С водворением Житкова в моей комнате работать по-настоящему стало чрезвычайно трудно. Это был исключительно веселый, говорливый и абсолютно не желавший работать человек. Мне не было ясно, зачем, собственно, партия отправила его за границу. Он работал до того в ЦК ВКП(б), то есть в Центральном комитете Всесоюзной Коммунистической партии, имел две комнаты в бывшей Лоскутной гостинице, в самом центре Москвы. Не хочется мне на этих страницах распространяться обо всем известном и много раз описанном жилищном кризисе в Советской России вообще, а в Москве – в частности. Найти комнату в Москве считается большой удачей и стоит крупных денег, ибо надо прежде всего дать отступного, а затем платить рублей триста в месяц. Часто бывает, что в одной комнате живут две семьи. Потому легко себе представить, что за птица был Житков и какую роль он играл в ГПУ, если ему – одинокому – были предоставлены две комнаты и если платил он при этом всего-навсего 23 рубля 75 копеек в месяц.

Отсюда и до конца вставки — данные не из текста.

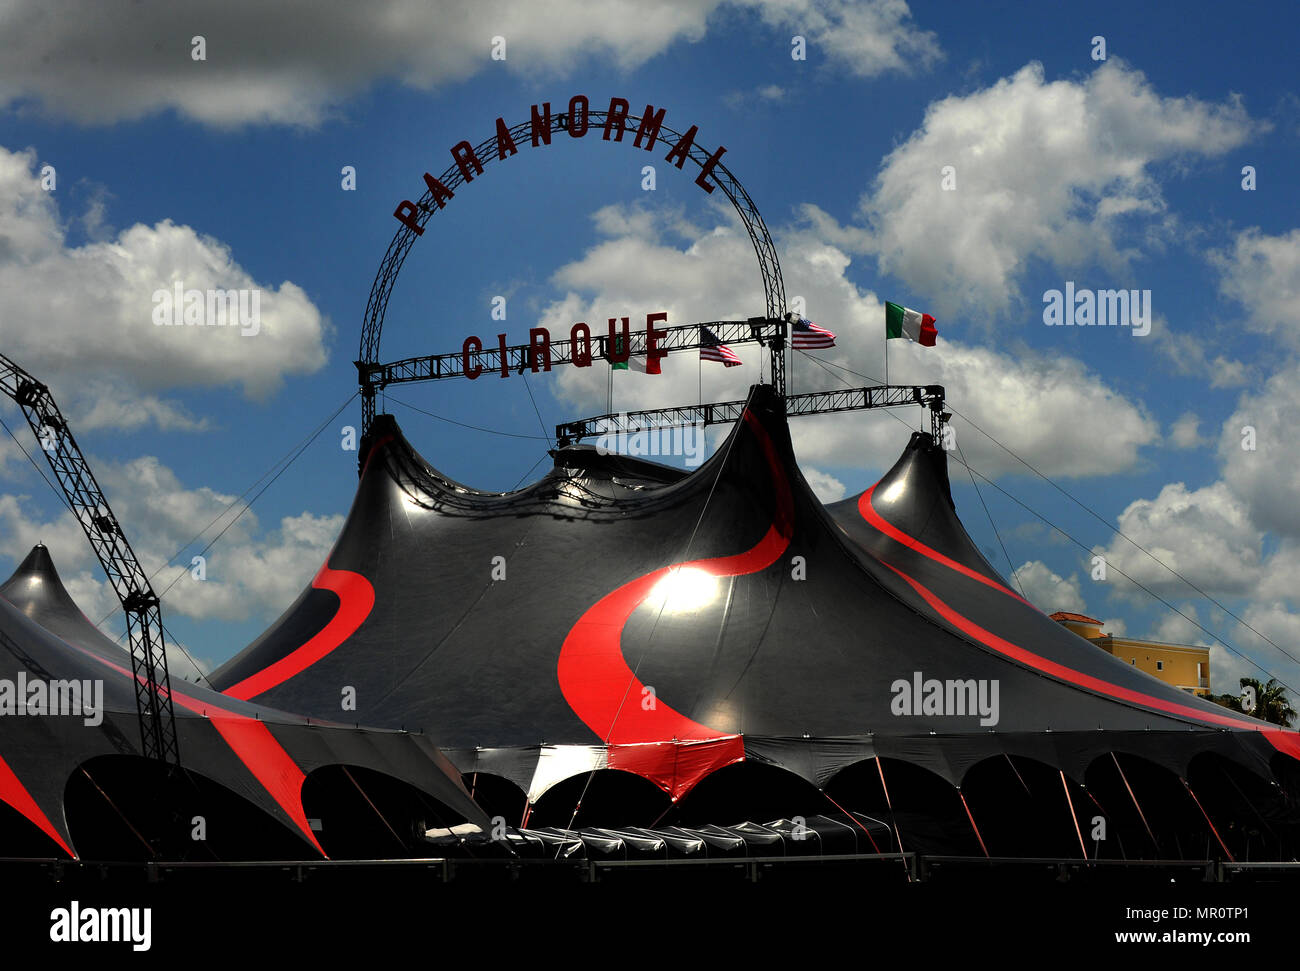 Palmetto, Florida, USA. 23rd May, 2018. The Paranormal Cirque circus tent is seen during a media preview on May 23, 2018 in Palmetto, Florida. The new Paranormal Cirque, created by Manuel Rebecca, the president and owner of Cirque Italia, is in rehearsals for its first ever performance in Palmetto, Florida on June 7, 2018. The circus combines horror, stunts, illusions, theater, and cabaret, and is designed for an adult audience. (Paul Hennessy/Alamy) Credit: Paul Hennessy/Alamy Live News Stock Photo

До командировки его за границу Житков учился в Московском университете. Что он там делал – осталось, в сущности, невыясненным.
– Вы кончили университет?
– Еще бы не кончить! Конечно, кончил. Ведь я имею звание юриста. Конечно, сами знаете, что учиться эти годы не так-то было легко: работа в ЦК, разные партийные нагрузки, частые выезды в провинцию. Но ничего, я знаете, всегда с собой револьвер на экзамены брал. Как профессор начнет спрашивать что-нибудь, чего я не знаю, – я сейчас делаю вид, что за платком носовым в карман лезу, а потом, как бы невзначай, достану револьвер и положу на стол. И знаете, Тамара Владимировна, ни разу не сорвалось. Как посмотрит профессор на револьвер этот самый, так покраснеет, побелеет, да и говорит: «Давайте, товарищ Житков, вашу зачетную книжку». Ну и отметит, что экзамен сдан.
Я пробовала возражать.
– Но ведь если вы университет кончили, все вас считают очень знающим; но вдруг придется применить знания на деле, а вы и понятия по данному вопросу не имеете. Небось жалеете теперь, что так халатно относились?
– А чего жалеть-то? То, что мне надо, я отлично знаю. А сколько там дребедени преподают, что же, все так и надо учить, по-вашему?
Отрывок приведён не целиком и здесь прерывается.